Posted by: Davis X. Machina on April 18, 2011 at 1:40 PM | PERMALINK

@dsimon: I haven't been involved in hands-on politics for many many years now, but "very close" didn't mean "done" then and I doubt it does so now. Politicians and their staffs leak or announce their intentions in order to get a sense of what the reaction will be. If negative reactions are not forthcoming in great strength, then the "very close to a deal" position becomes the default position from which actual negotiations will proceed in the larger arena. No one has any reason to believe that the final destination will be more attractive than the initial starting point; what will happen, as we know from uniform experience, is that Democrats will try and fail to keep the proposals from getting worse.

That said, venting here won't have any impact before or after the event. My point is only that when politicians say they're thinking about doing terrible things, it's best to believe them and try to stop them before they do those things rather than trying to fix it in the edit.

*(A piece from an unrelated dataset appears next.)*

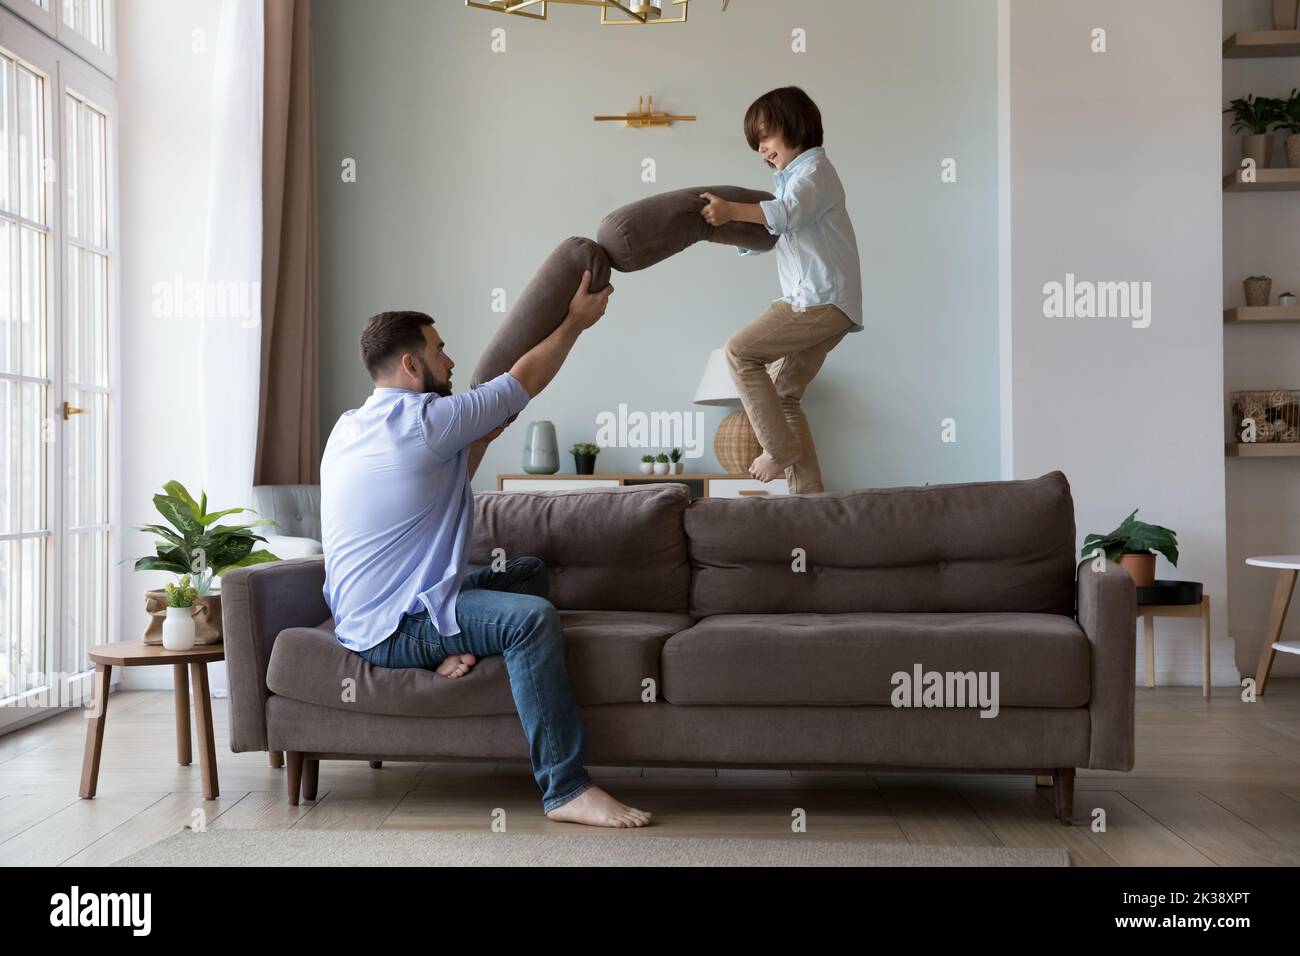 Excited son kid and dad fighting with pillows on sofa Stock Photo

That was the beauty of the Third Rail: Non-negotiable outrage before the fact about the prospect of touching Social Security made it impossible to touch. Republicans and some Democrats are trying to normalize the prospect of reducing the New Deal to rubble, and failing to react en masse with great outrage to the proposals as they are floated pretty much guarantees that we continue down that path. If the prospect doesn't distress you, then there's no need to act preemptively against it. If it does, there's no excuse not to.

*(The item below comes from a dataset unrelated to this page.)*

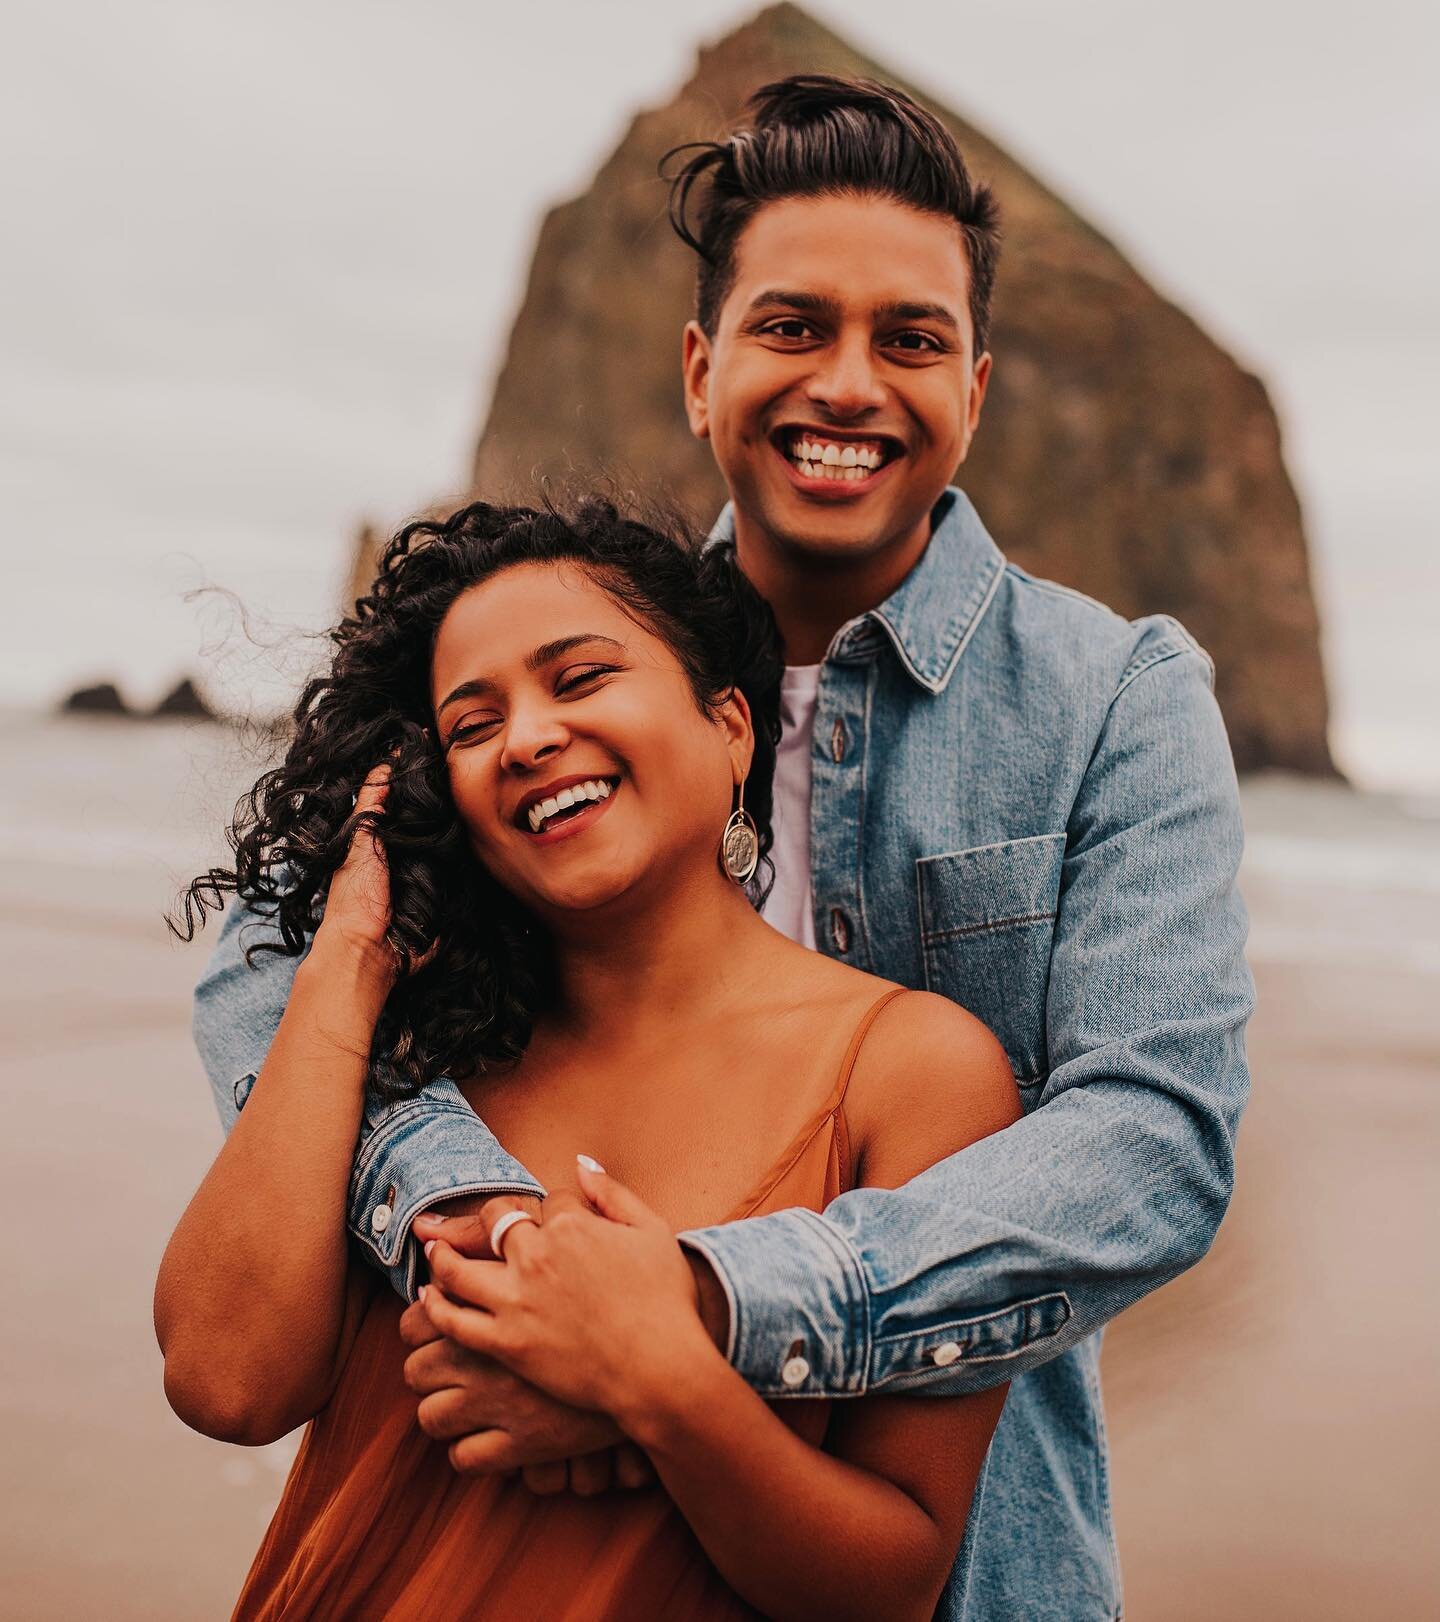 A beautiful overcast day at Cannon Beach spent with my Giveaway winners @clarisaface &amp; @funkydunkle ! 🥰 How freaking adorable are these two together?! 🧡

Posted by: Weldon Berger on April 18, 2011 at 2:07 PM | PERMALINK

Once again, and Durbin is my prime example, the only thing you can depend on a Democrat to do is surrender.

I've never forgiven him for his brave speech calling our policies at Abu Graib akin to something the Nazis, or Khmer Rouge would do (given that they were indeed things the Nazis and Khmer Rouge *did* do)....followed a day later by a weeping plea for forgiveness at his calling a spade a spade.

Durbin is pretty much the poster boy for Democratic spinelessness.

Posted by: oboe on April 18, 2011 at 2:29 PM | PERMALINK

I wish we could get rid of the mortgage interest deduction without the rest of the Gang of 6 crap. But that, or any package containing it, will pass Congress shortly after hell freezes over.

Posted by: Steve LaBonne on April 18, 2011 at 2:49 PM | PERMALINK

Sorry joebloggs and tooweary, but raising the SS retirement age is a bad, bad, bad idea.

The average life expectancy at 65 (per 2006 SS tables) is 17 years. However, that is heavily weighted by overall health history and strongly favors the affluent. Those who need SS the most are the least likely to have a long life expectancy and the most likely to already have health problems that make continuing to work impractical.

In addition, the workplace continues to have significant age discrimination that makes it difficult for those in their 60s to get work that is financially rewarding and intellectually stimulating. Again, this is most true for those who can't afford to retire without SS.

Posted by: tanstaafl on April 18, 2011 at 4:35 PM | PERMALINK

What the hell's Warner doing, auditioning for the self-hating Democrat* chair Joe Lieberman is going to give up in 2012?

(Not that Lieberman's a "Democrat" but he sure likes to imply he is, and Senate Democrats, being the branding geniuses they are, are happy to have him instead of an actual Democrat. And it's not like Lieberman's going to cease being a self-hating Democrat in 2012; it's just that he's retiring, so he shouldn't be on teevee all the time bitching about how the party left him. Not that that'll stop him or cable bookers.)